Страница 20 из 34
И она, моя Анна, тоже пристрастилась к долгим ваннам средь бела дня. Успокаивает, говорила. На всю осень, всю зиму в тот год ее долгого умирания мы заперлись в нашем доме у моря, в точности как Боннар с Мартой в Ле-Боске. Погода была мягкая, такое даже погодой не назовешь, как будто незакатное лето неприметно перетекало в конец года в отуманенной тишине неизвестно какого сезона. Анна боялась весны, непереносимого гомона, суетни, она говорила, всей этой жизни. Глубокая, сонная тишь нас окутывала, мягкая и густая, как ил. Анна так затихала в своей ванной первого этажа, что я иногда даже пугался. Мерещилось, что вот она, поскользнувшись, без звука уходит под воду, испускает последний водяной вздох. Я прокрадывался вниз по лестнице и стоял на площадке, затаясь, не шевелясь, будто я сам под водой, и жадно ловил признаки жизни за дверью. В гнусном, предательском уголке души, конечно, мелькало желанье, чтоб так оно и было, чтоб все это кончилось, для нее, для меня. Но вот слышался легкий вздох воды — это она шелохнулась, легкий всплеск — потянулась за полотенцем, за мылом, — и я отворачивался, плелся к себе, прикрывал за собой дверь, садился за письменный стол, смотрел в серое свечение вечера и старался не думать.
— Бедный Макс, — сказала она как-то, — за каждым словом следить приходится, все время надо быть милым.

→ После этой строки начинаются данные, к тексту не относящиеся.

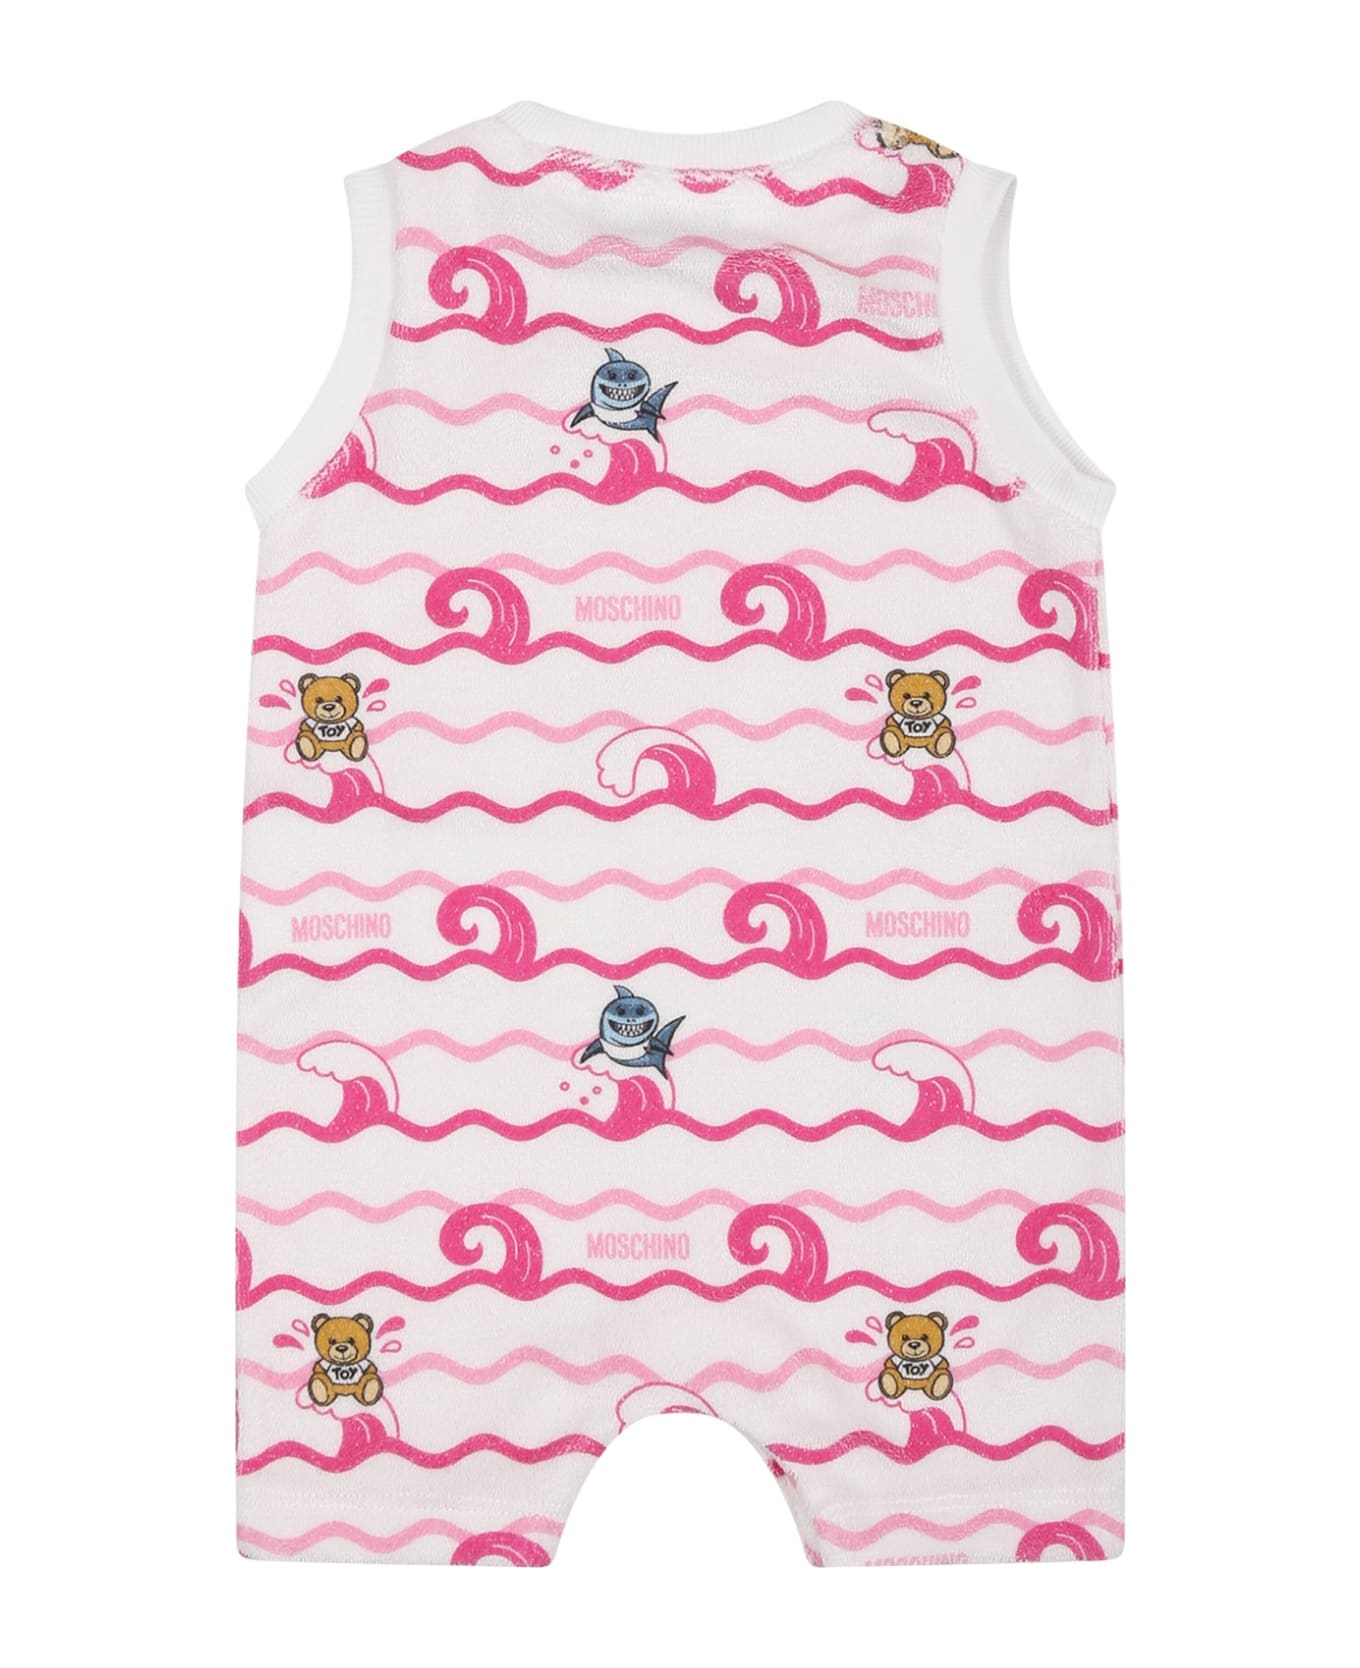 Moschino Pink Set For Baby Girl With Print And Teddy Bear - Pink

Она тогда уже была в приюте, в дальней комнате в старом крыле, с угловым окном, смотревшим на клин живописно запущенного луга и шелестящую, на мой взгляд совершенно ненужную просадь высоких, огромных черновато-зеленых деревьев. Весна, которой она так пугалась, пришла и ушла, но она слишком была больна, чтобы беспокоиться из-за шума и гама, и теперь наступило влажно-жаркое, липкое лето, последнее, какое ей суждено было видеть.
— О чем ты? — сказал я. — Приходится все время быть милым?..

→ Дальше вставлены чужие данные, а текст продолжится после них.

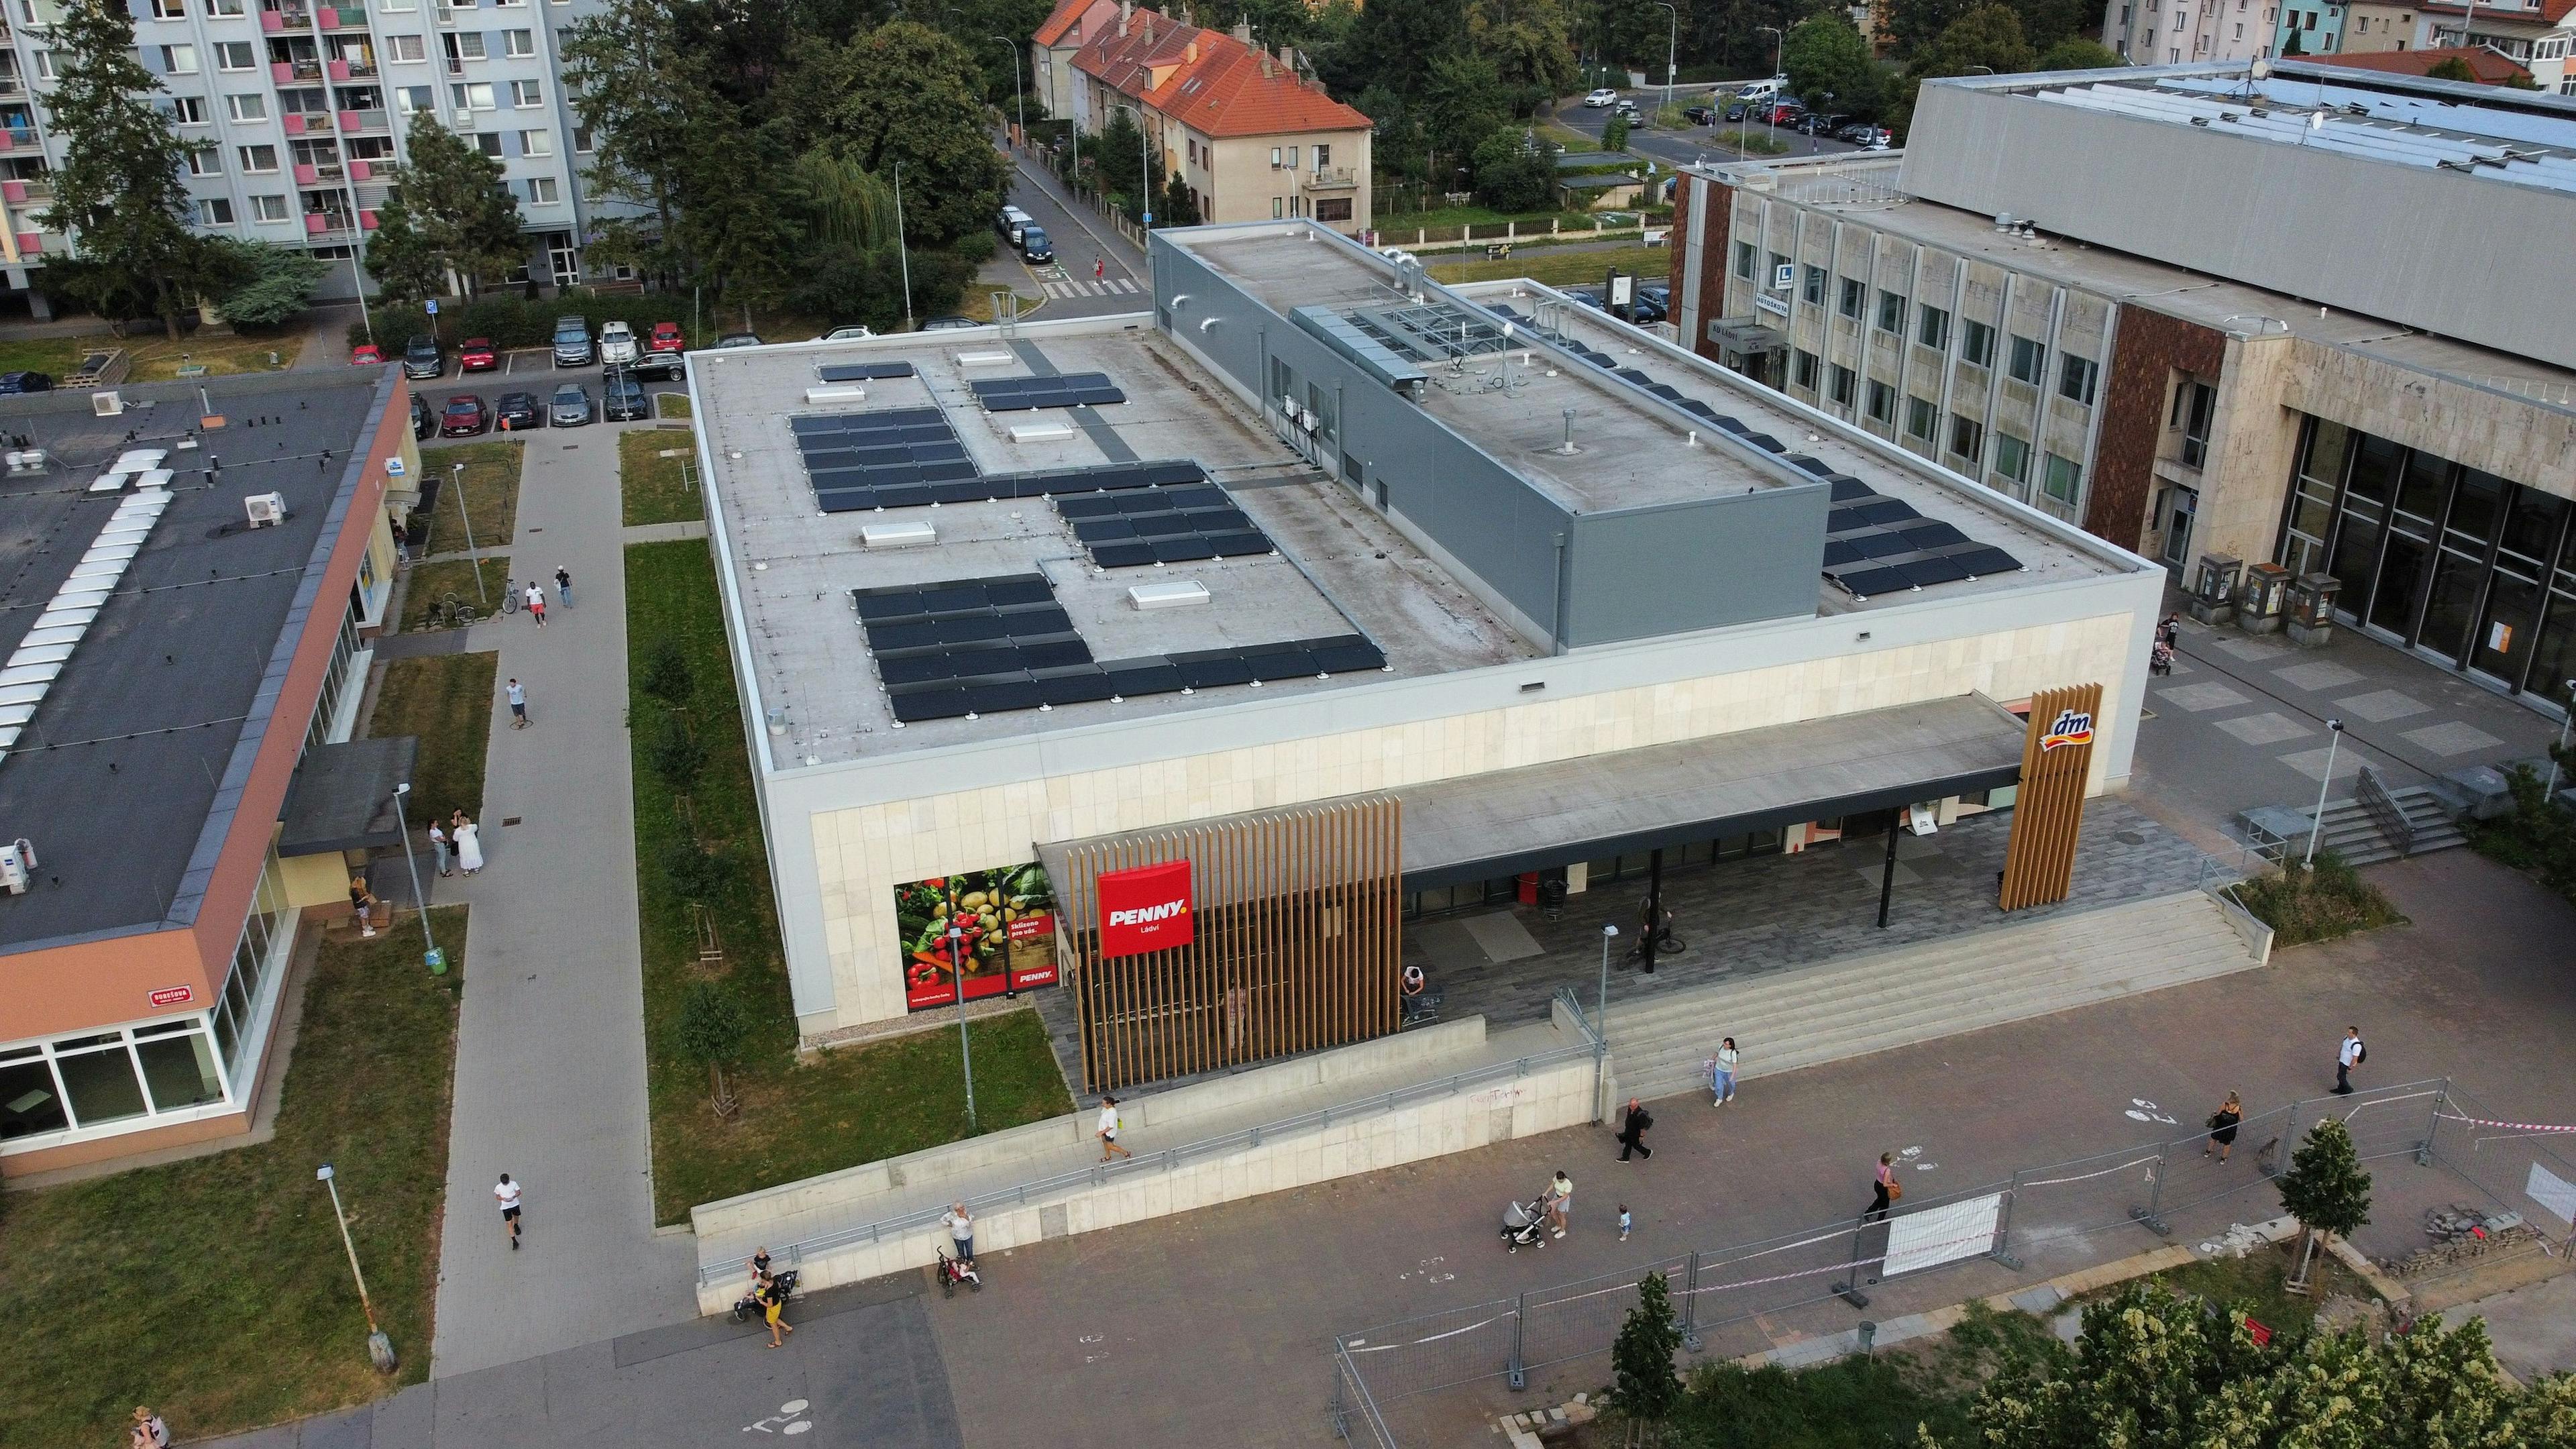 Installation of Rooftop PV for PENNY CZ - VIDEO

Она так много странного говорила тогда, как будто уже была где-то там, где меня нет, где даже слова переменили значения. Сдвинула голову на подушке и мне улыбнулась. В лице, иссохшем почти до костей, проступила какая-то пугающая красота.
— Ну, тебе теперь даже нельзя чуточку меня ненавидеть, — она сказала, — как раньше.
Поразглядывала деревья, опять повернулась ко мне, потрепала по руке.
— Ну чего ты уж так-то расстроился, — сказала она. — Я тоже тебя ненавидела — чуточку. Мы же люди были, человеки, ведь правда.
Она тогда уже употребляла предпочтительно прошедшее время.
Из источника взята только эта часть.